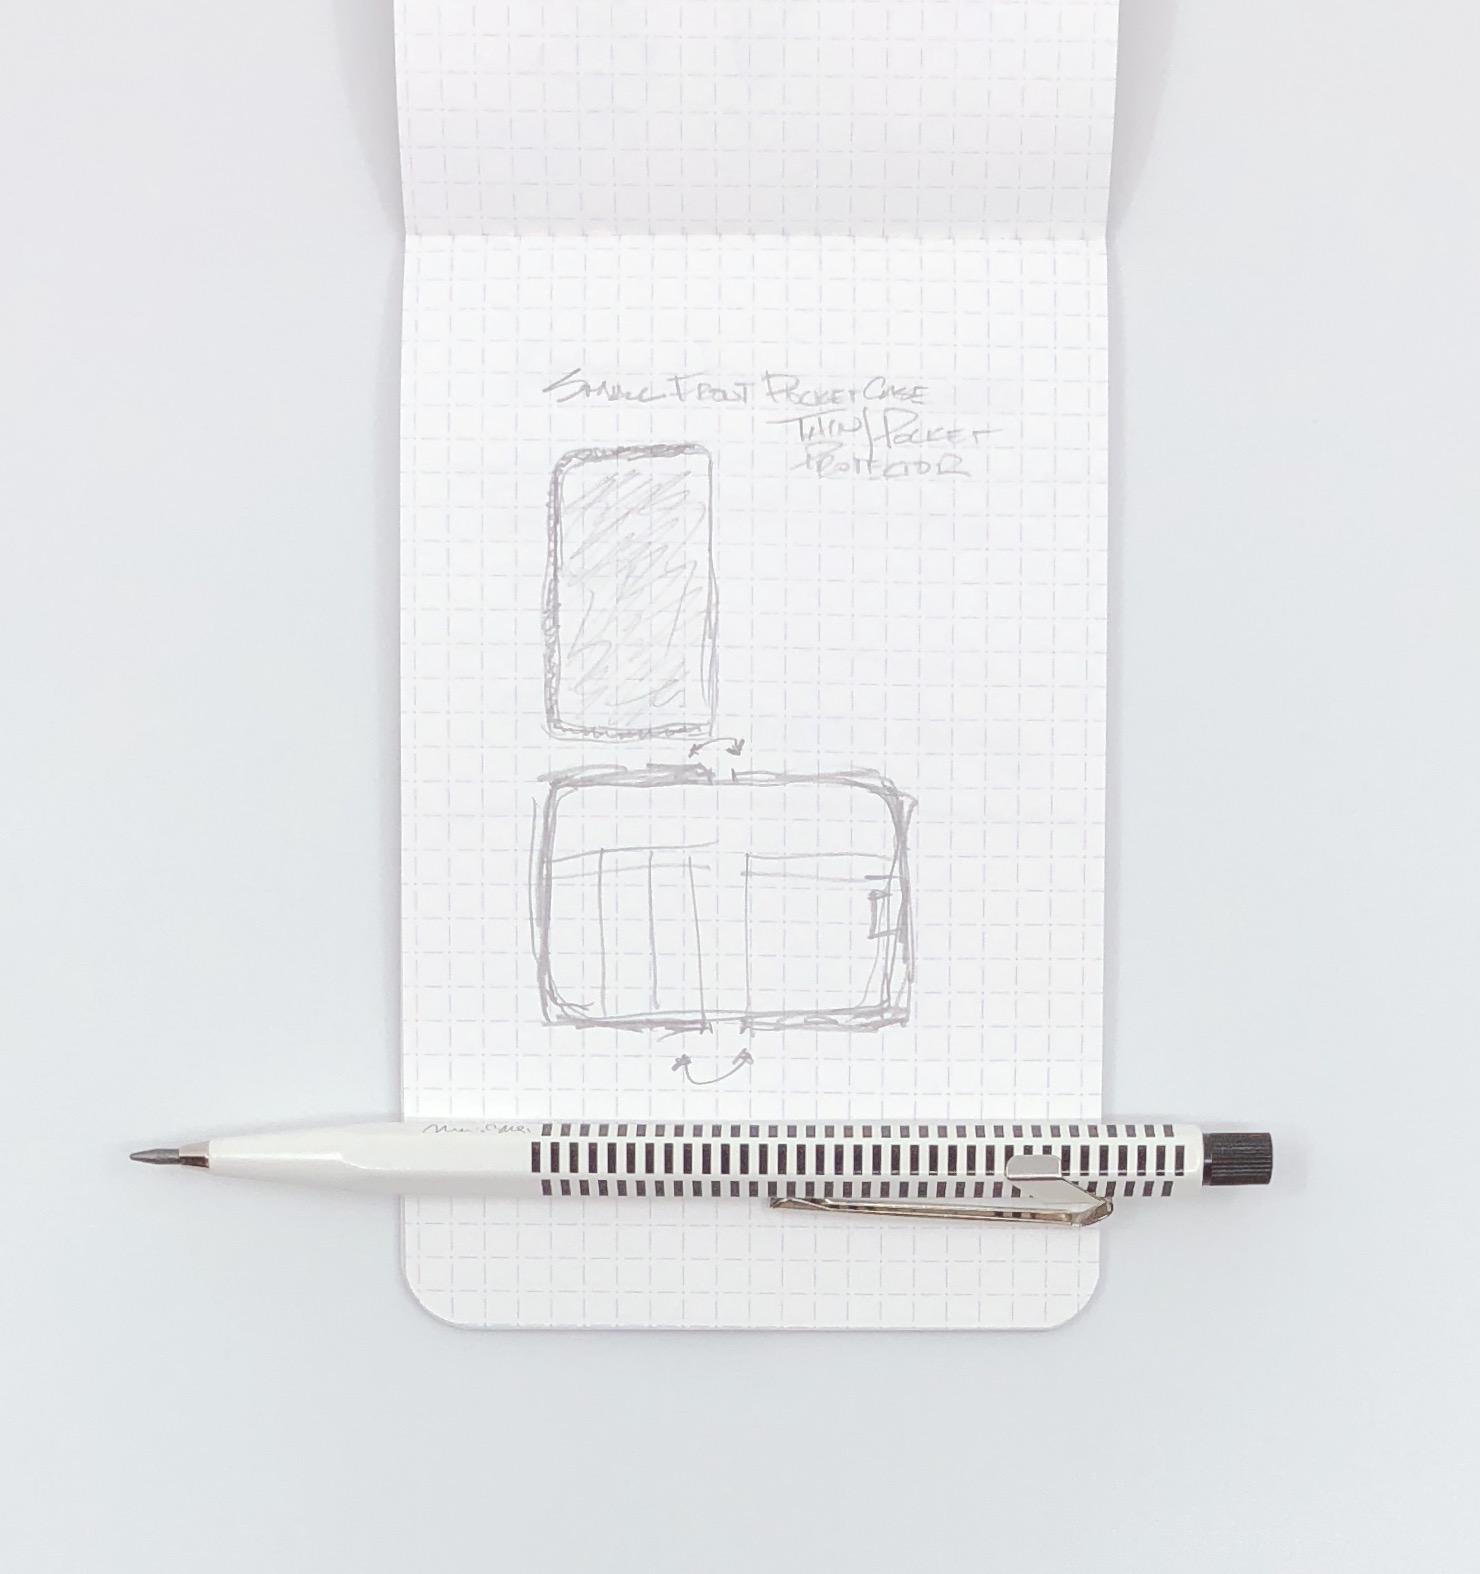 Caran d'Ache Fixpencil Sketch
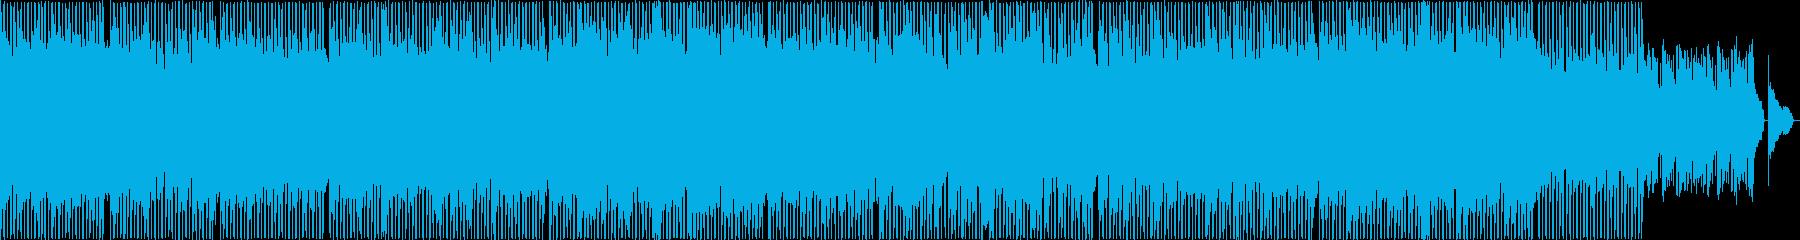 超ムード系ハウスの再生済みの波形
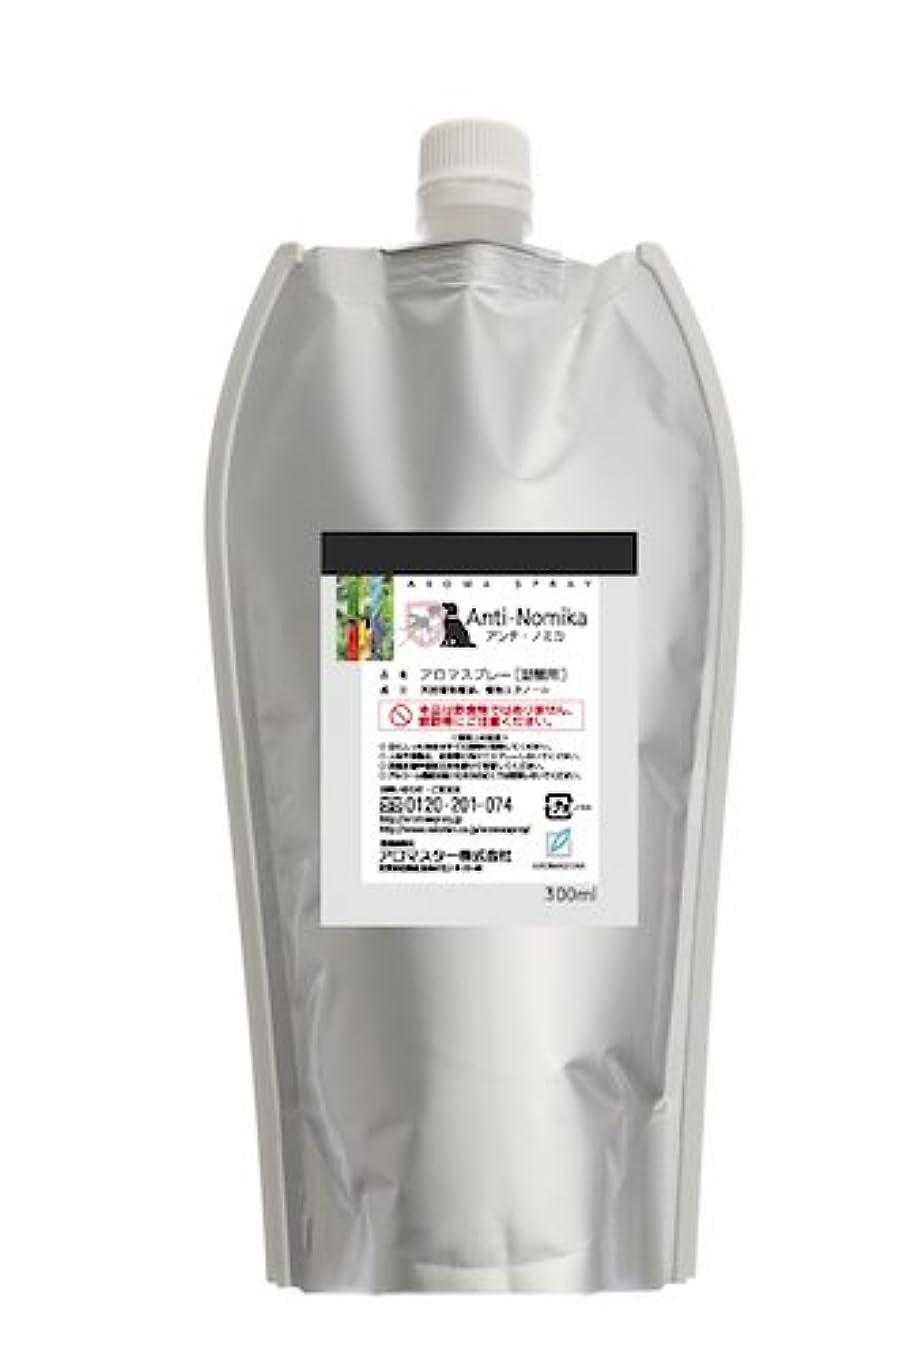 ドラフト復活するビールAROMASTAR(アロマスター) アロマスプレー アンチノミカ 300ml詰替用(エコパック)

• _Instructions to follow_: Repeat the material above precisely as it appears, omitting the images it contains.

• _Solution_:
 Caran d'Ache Fixpencil Sketch
 超ムード系ハウスの再生済みの波形
 ドラフト復活するビールAROMASTAR(アロマスター) アロマスプレー アンチノミカ 300ml詰替用(エコパック)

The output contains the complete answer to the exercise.